**EXERCISE GOAL**
Exercise in exact copying: restate word for word only the lines below from the one containing "Blank Cv Format" through the one containing "Chanel chalcedony ring", omitting any pictures.

**PROVIDED RECORDS**
####################

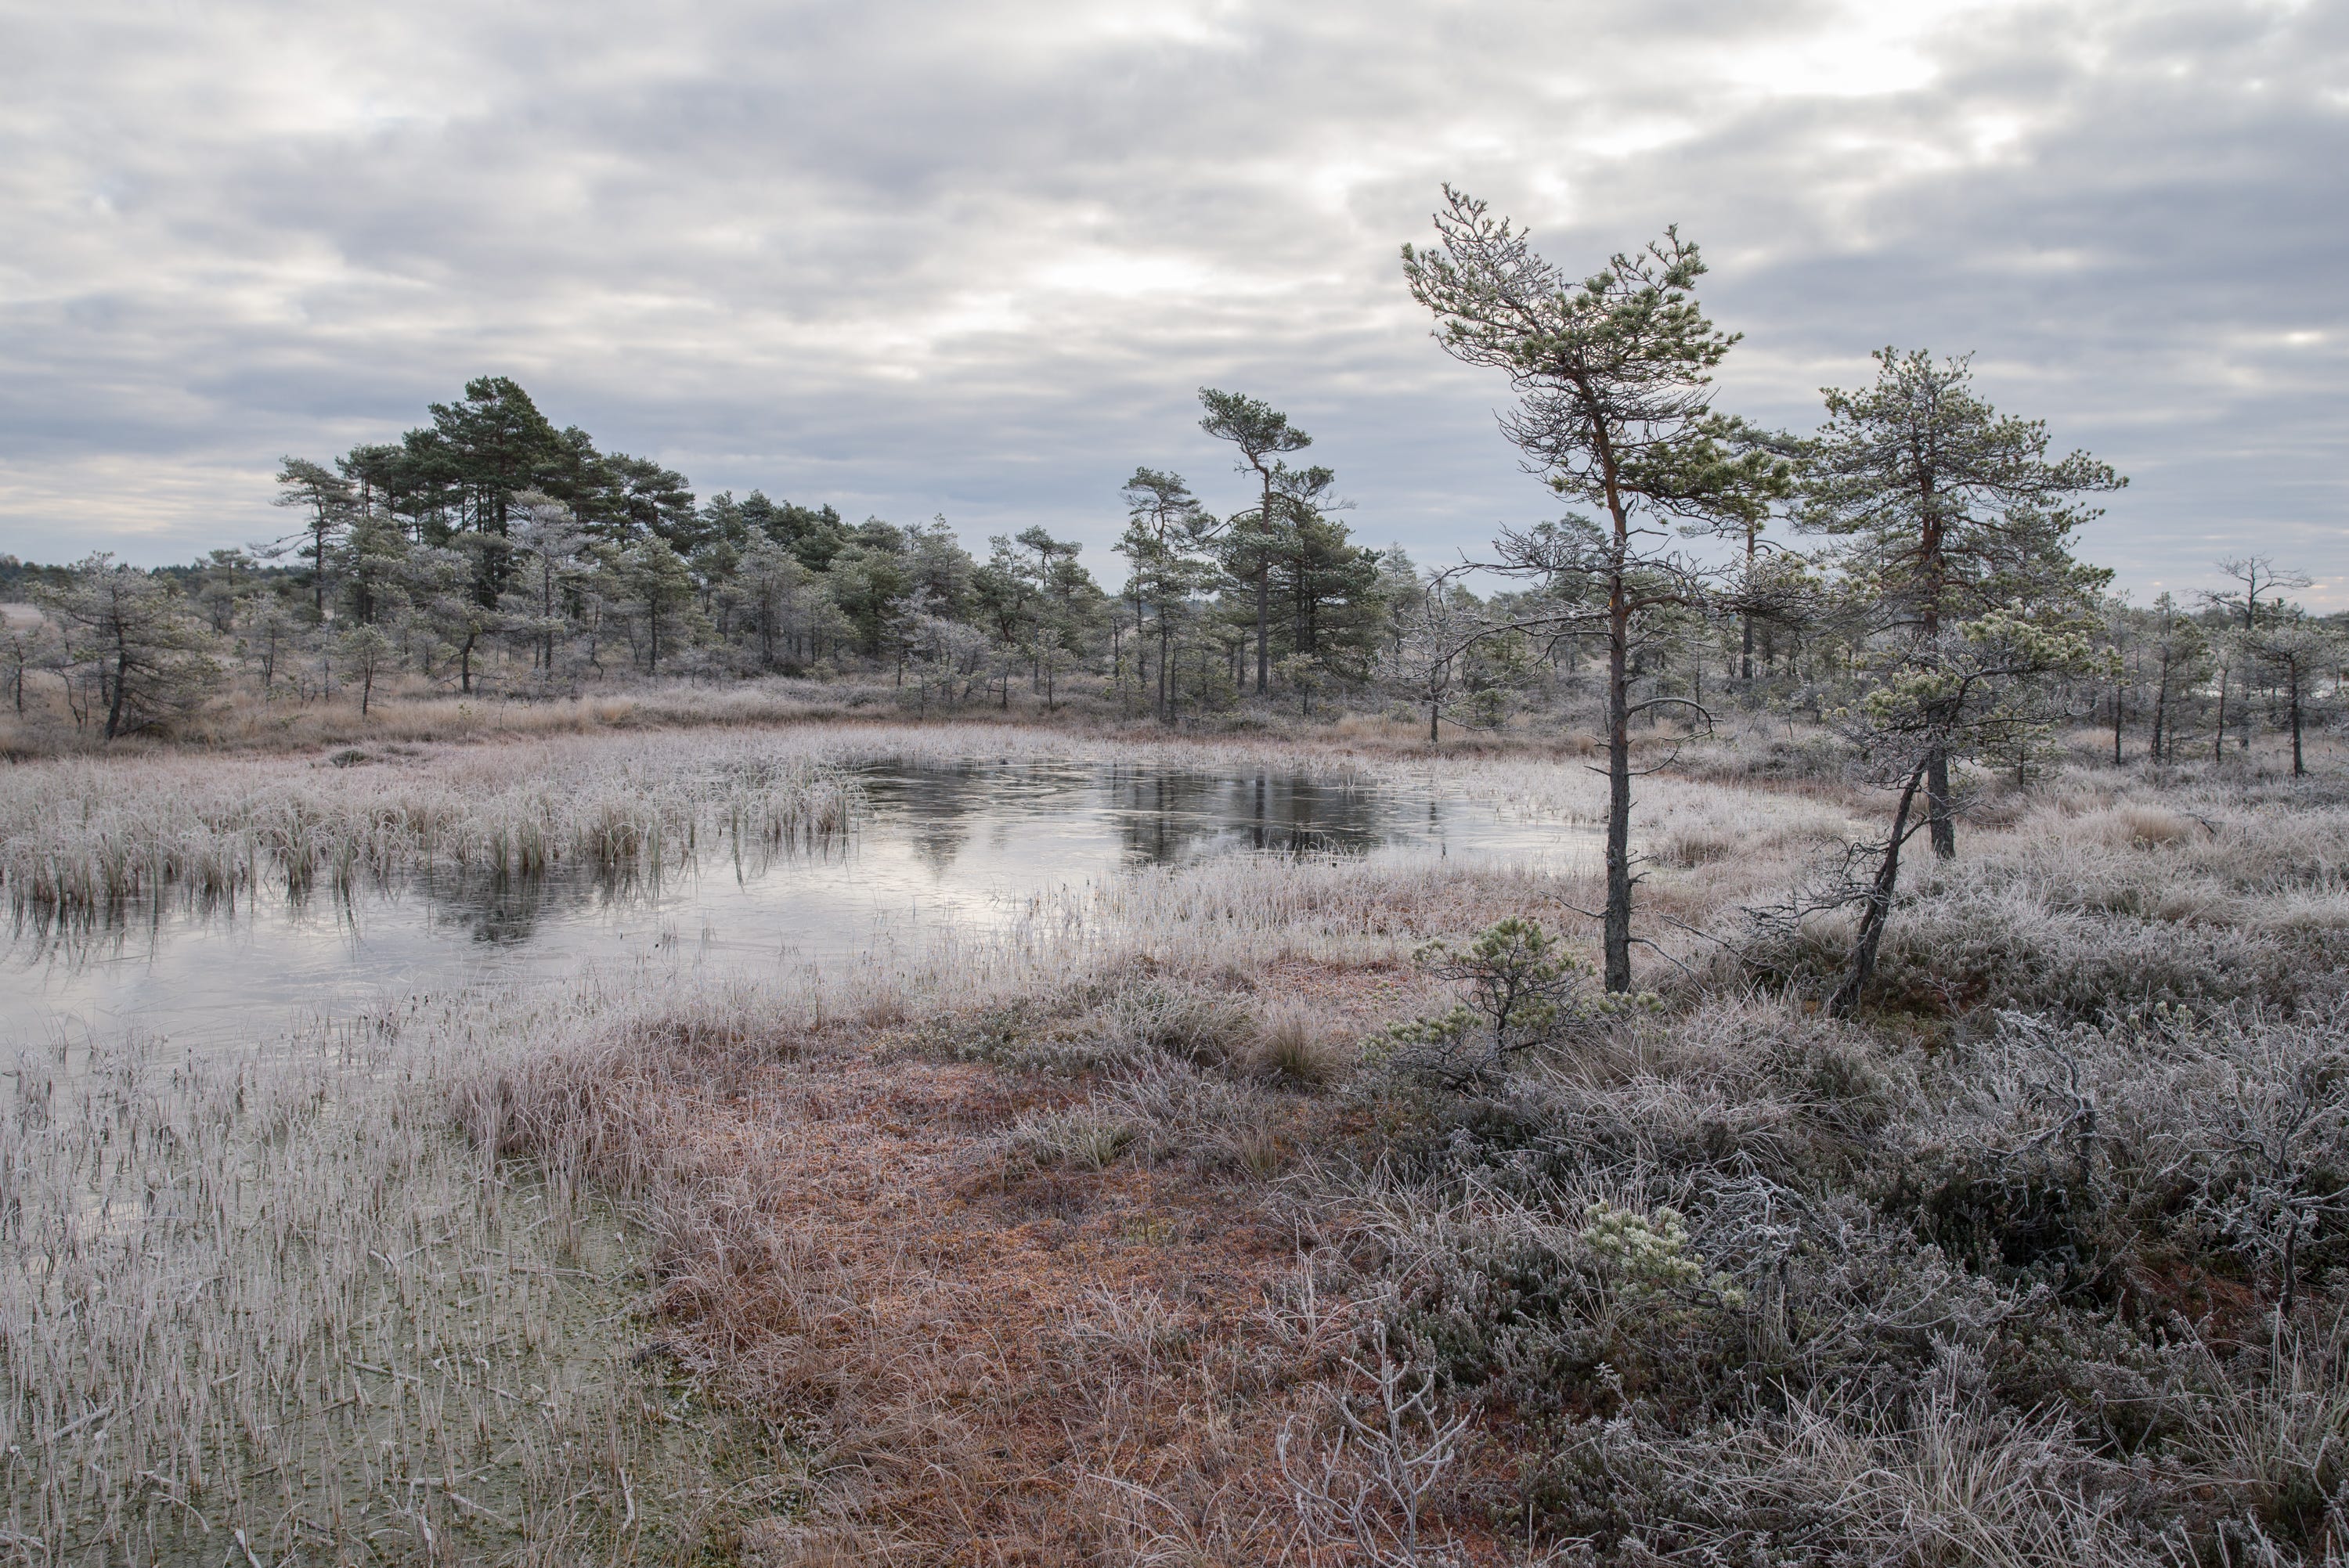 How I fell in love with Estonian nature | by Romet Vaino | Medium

####################

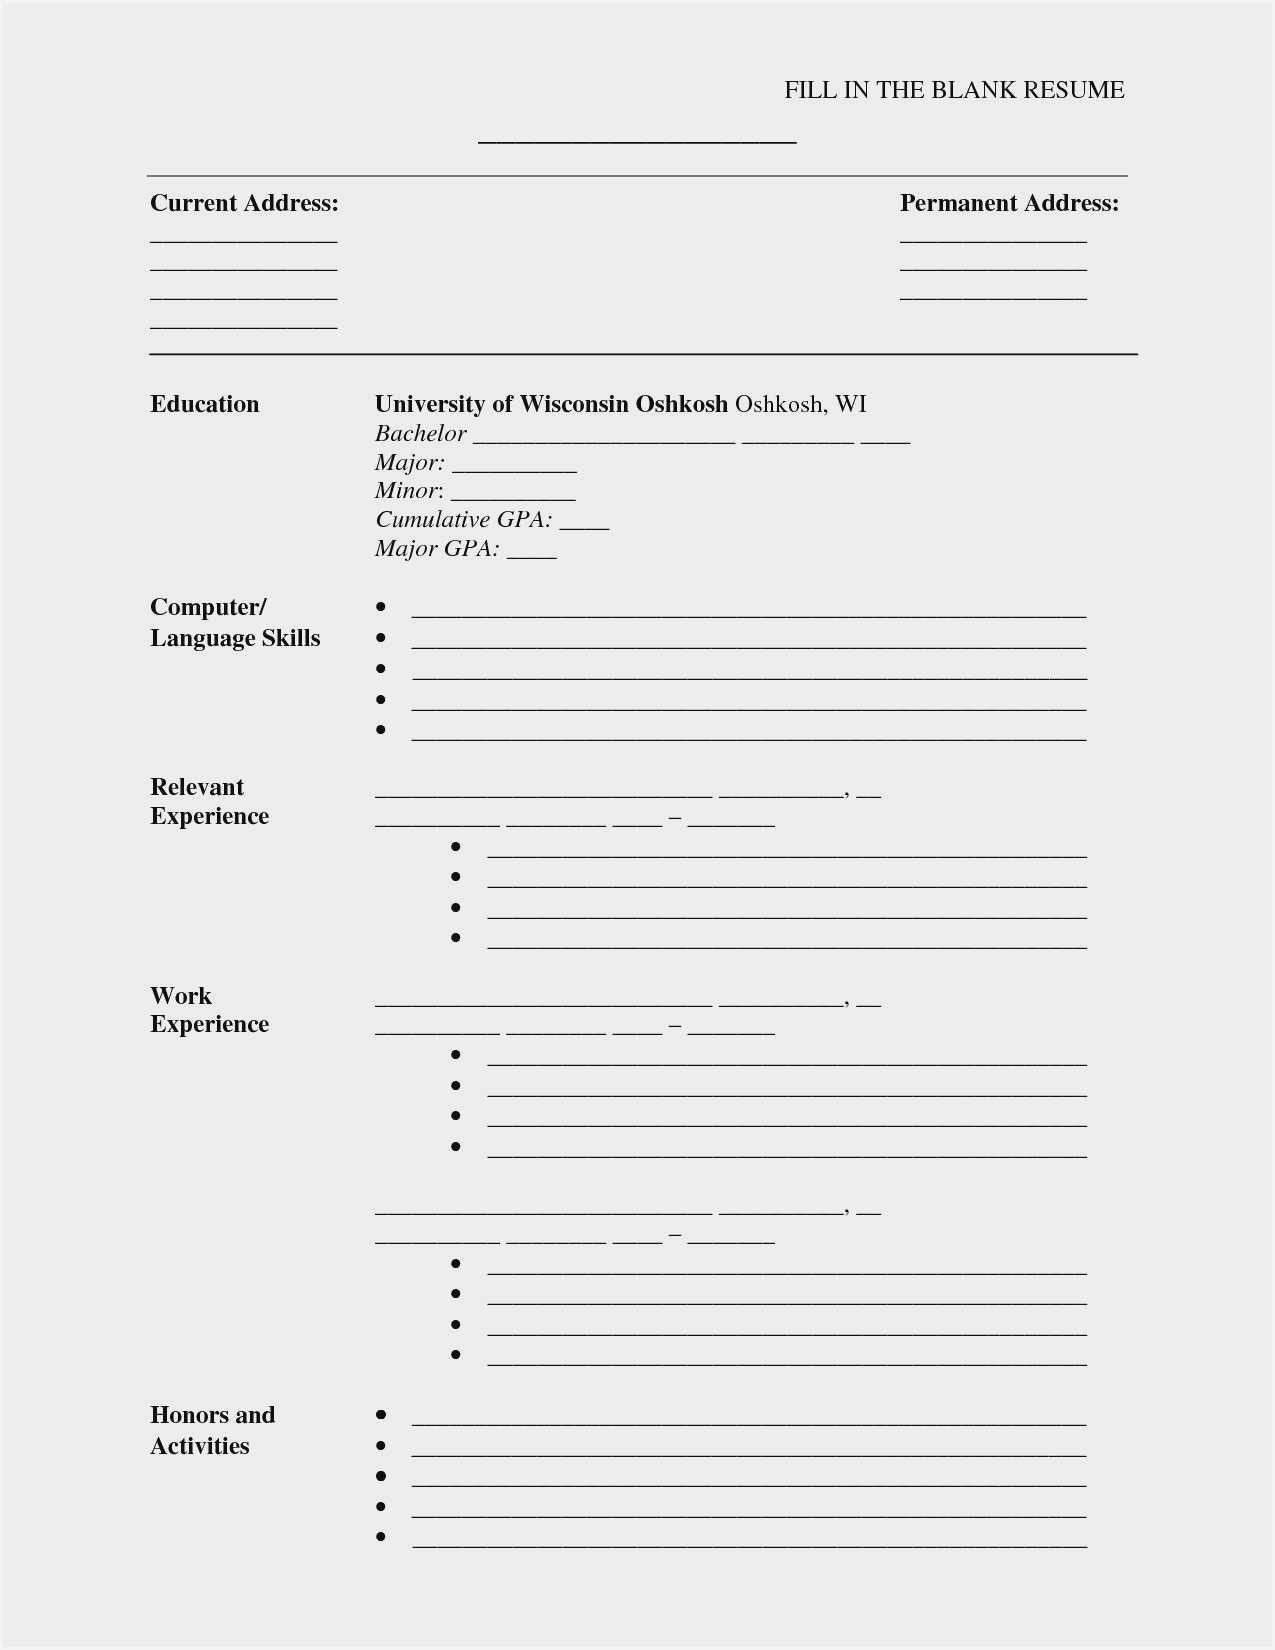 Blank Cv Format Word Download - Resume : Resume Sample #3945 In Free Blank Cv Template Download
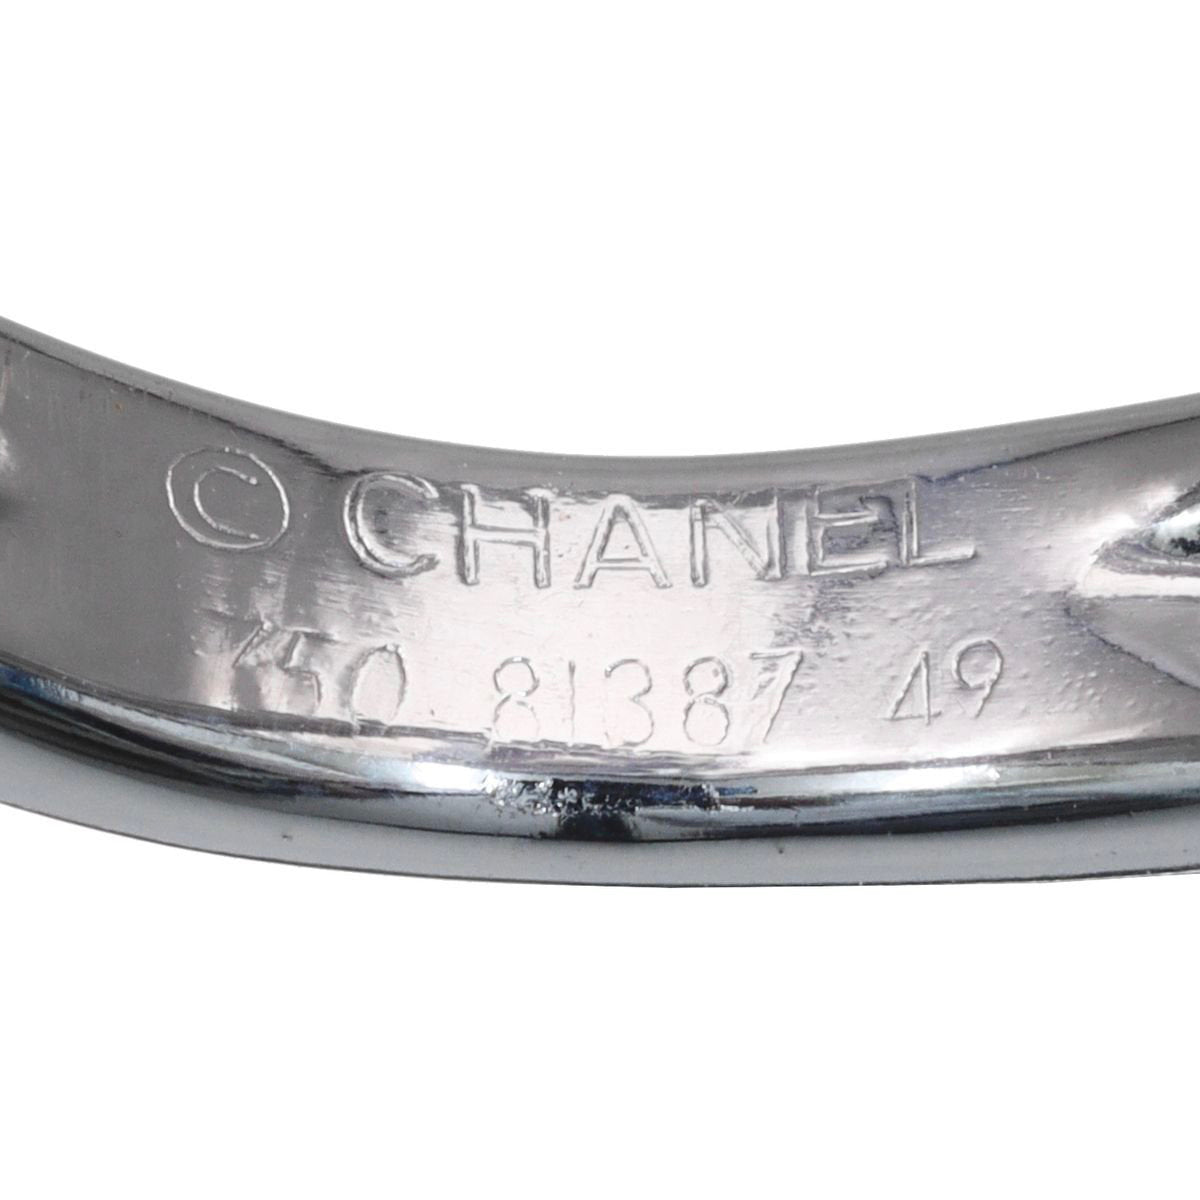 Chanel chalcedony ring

####################

**TASK OUTPUT**
 Blank Cv Format Word Download - Resume : Resume Sample #3945 In Free Blank Cv Template Download
 Chanel chalcedony ring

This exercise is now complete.